* Work required
Below are some records; quote exactly the lines from the one that contains "Spray Fixador Forte Valorize Amend 400ml" through the one that contains "Image of: Innermost", inclusive, and no others.

* Data records
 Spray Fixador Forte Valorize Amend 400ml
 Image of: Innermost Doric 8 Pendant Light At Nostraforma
==
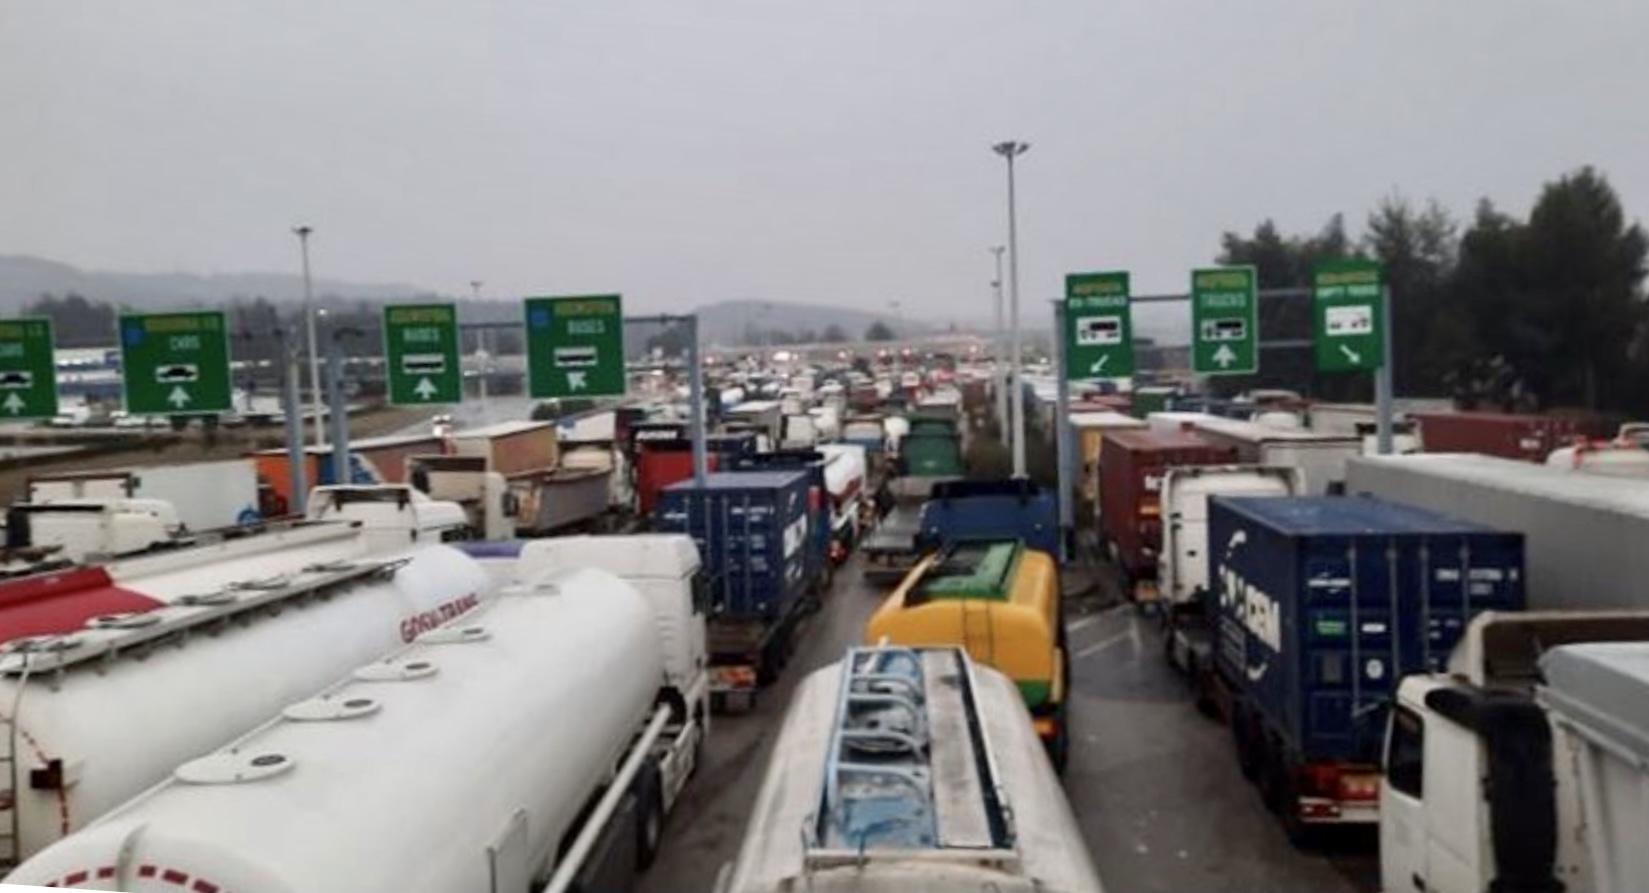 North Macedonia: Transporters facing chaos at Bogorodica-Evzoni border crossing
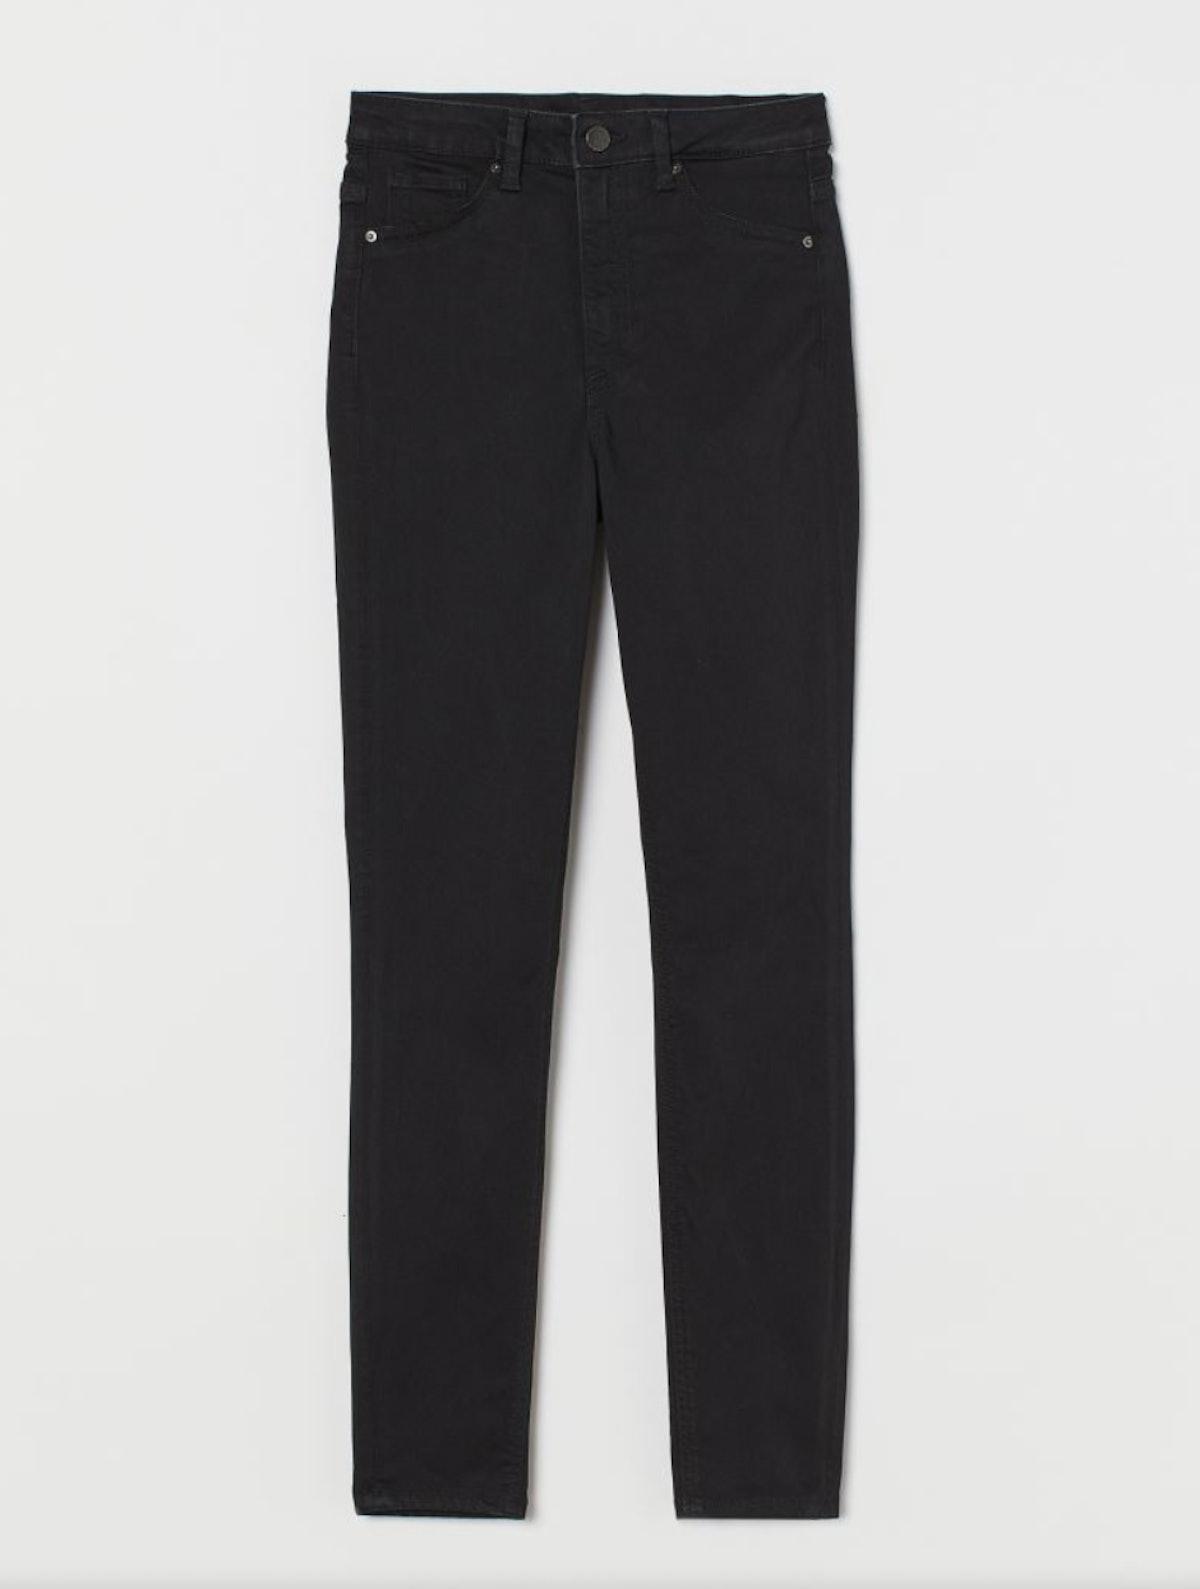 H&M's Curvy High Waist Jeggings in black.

* Problem solution
 Spray Fixador Forte Valorize Amend 400ml
 Image of: Innermost Doric 8 Pendant Light At Nostraforma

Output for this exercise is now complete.